While much attention has lately been focused on the increasing role of the laity in the church--from parish councils to extraordiry ministers of the Eucharist--allow me to put in a word for one of the most neglected of ministries: the ushers.

Don't sneer. I'm serious. I've spent a few years on the other side of that collection basket, as one of the ushers at Our Lady Queen of Martyrs Church in Forest Hills, New York. Ushers are the hardest people to recruit. No one, evidently, wants to pester people for money, stack prayer books, retrieve lost umbrellas, or nudge slowpokes in the Communion line. But the truth is, we ushers do more than take money and give grief. Really.

The usher is formally deemed a "minister of hospitality" in the parish hierarchy--a title that sounds like a cabinet post in a very friendly communist state. But that role--the giver of greetings, shaker of hands--is only the beginning. The usher is a collaborator, a partner to both the priest and the people in the pews. In a sense, he's the laity's liaison.

The catechism hints at this: "The laity ... can be called to cooperate with their pastors in the service of the ecclesial community, for the sake of its growth and life. This can be done through the exercise of different kinds of ministries according to the grace and charisms which the Lord has been pleased to bestow on them."

In other words, those who "direct and collect" have a role to play, a role that is often more appointed than anointed, but one that is still vital to the sacramental life of the parish.

Well, maybe it is difficult to see the usher's role as sacramental. He does not proclaim the Word, like a lector. He does not give the Eucharist or assist at the altar or sing with the choir. More often than not, he (or, increasingly, she) is the phantom on the sidelines--clearing aisles, opening windows, rattling the collection basket once or twice a week. What's so sacramental about that? More than you may think.

The usher is the first face of the faithful--often, the welcoming human presence amid the marble and wood of an empty church. He is the custodian of the temple, making ready the place of prayer. By simply being there, the usher becomes the touchstone for the congregation--a readily recognizable figure to answer a question, provide news, or simply point you to the nearest bathroom. (Ah, how many blessings have been bestowed on ushers by grateful parents panicked at the prospect of a long Mass and a damp diaper?)
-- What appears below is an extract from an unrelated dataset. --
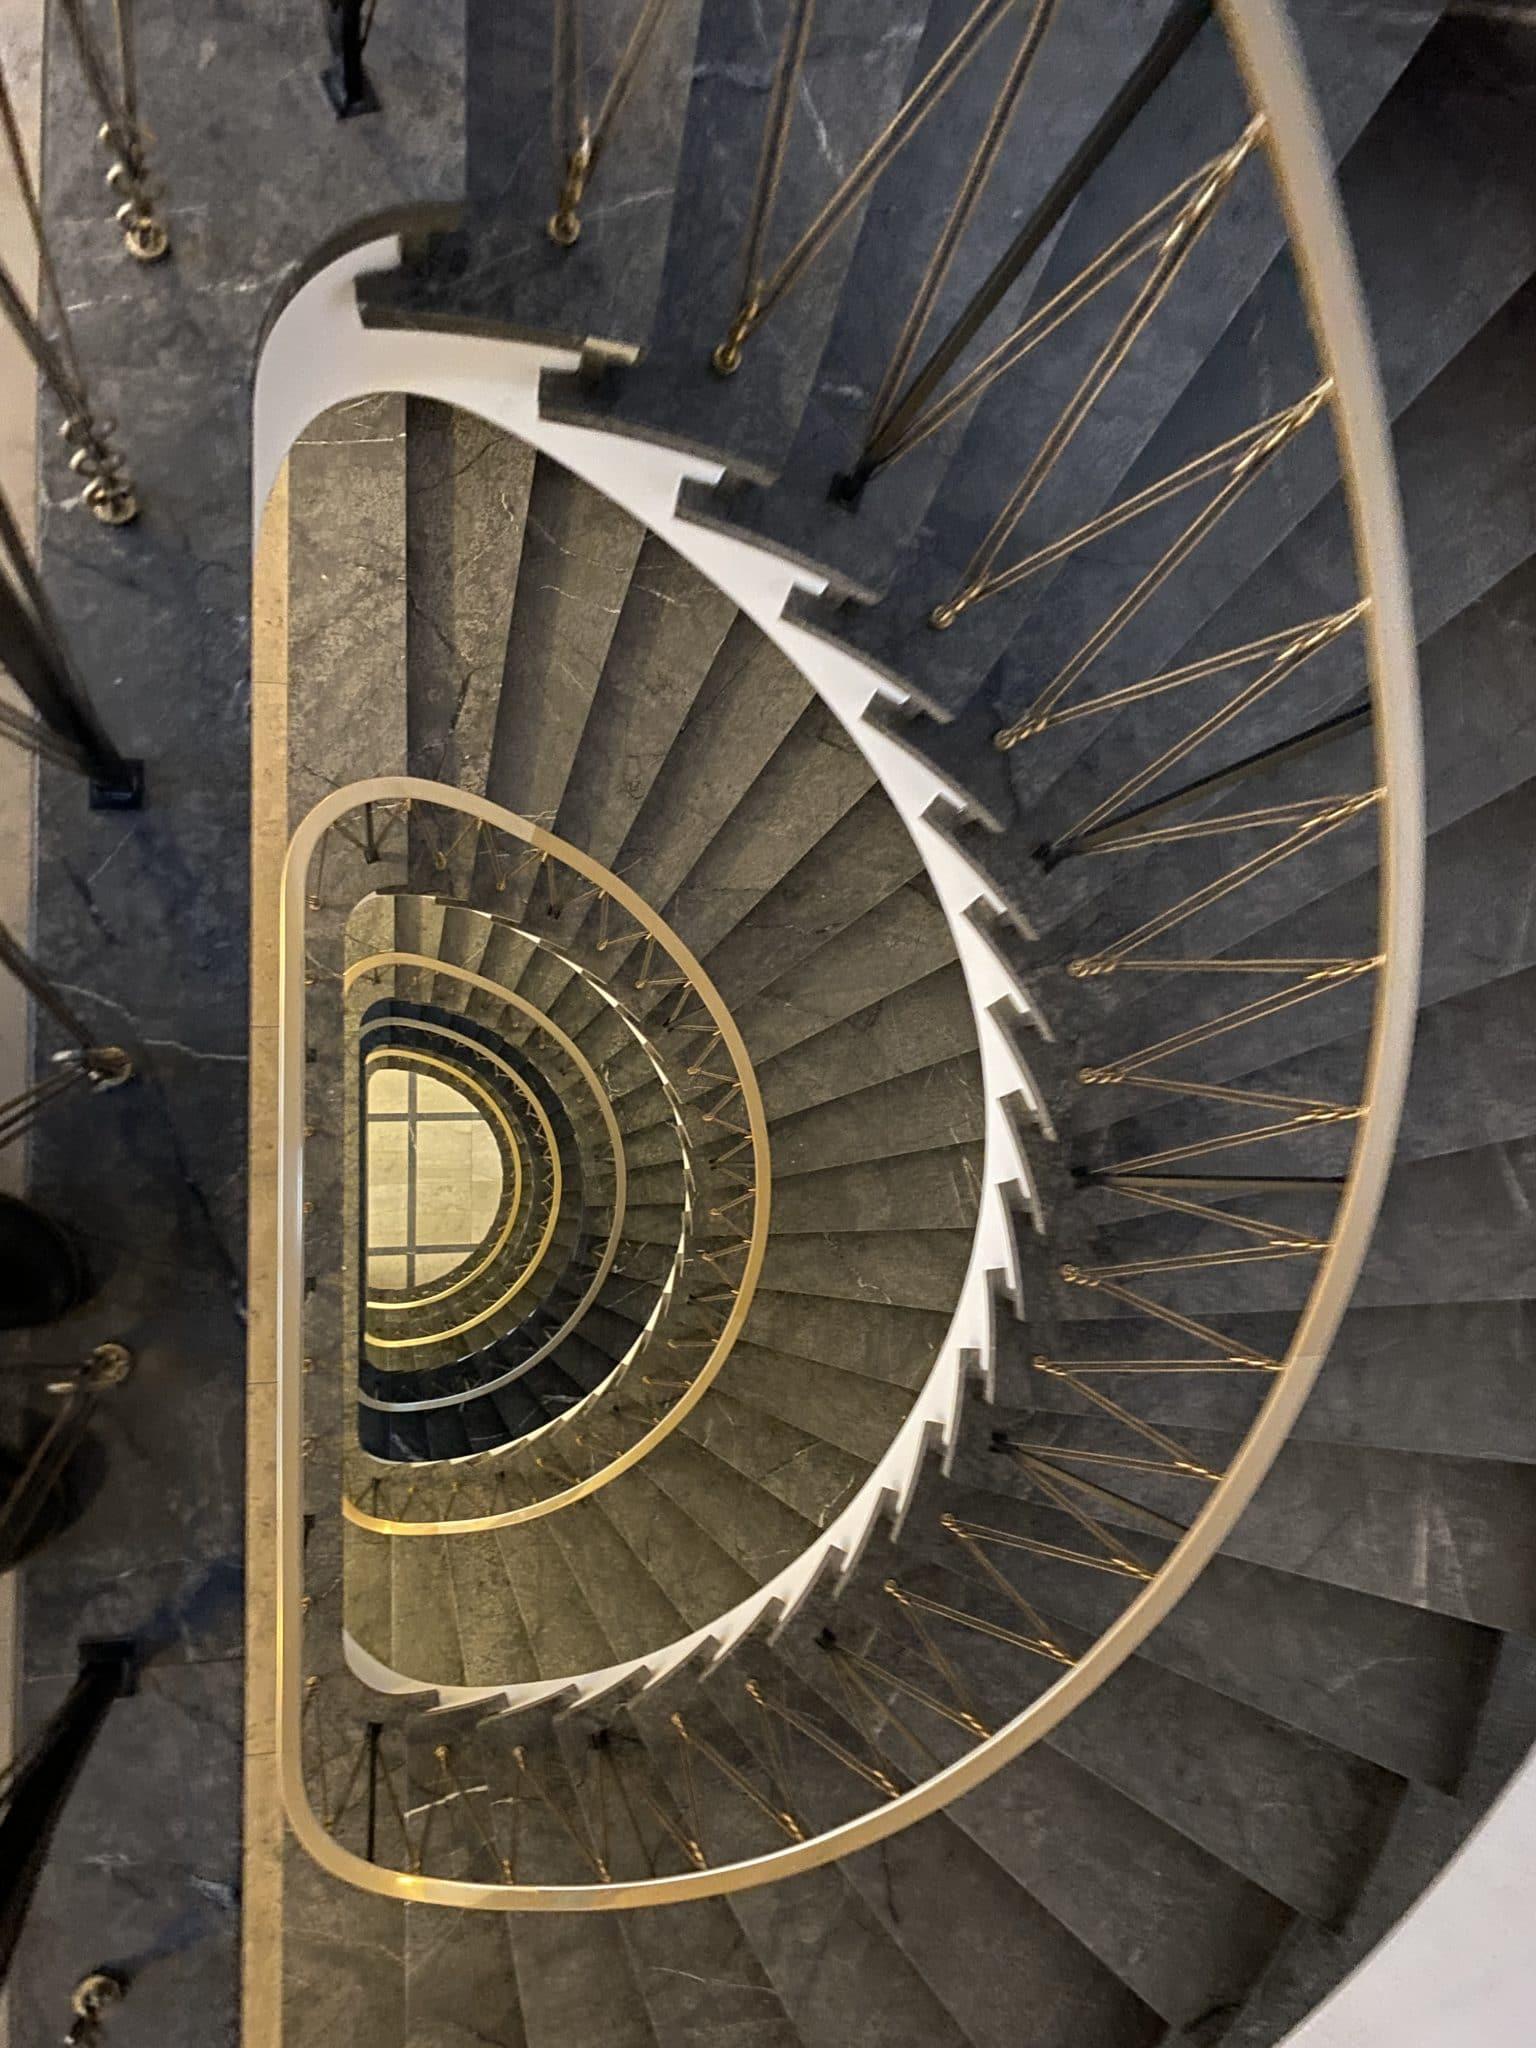 #7 und fertig. Meine Schilddrüse und ich nehmen die Treppe.

The fact is that the usher, not unlike John the Baptist, prepares the way of the Lord by preparing the way for his followers.

And what a way it is, too. Every Sunday the usher dances a soft-shoe ballet, wicker basket in hand, up and down the aisle, dodging baby carriages and tote bags. He contends with problems you won't find mentioned in the catechism. A few times I've had someone drop a $10 bill into my basket and demand five back in change. There are always people who arrive habitually late--very late, 20 minutes or more, as the offertory is about to begin, and they are shocked, simply shocked, to discover that they can't just stride up the aisle to their favorite seat in the front.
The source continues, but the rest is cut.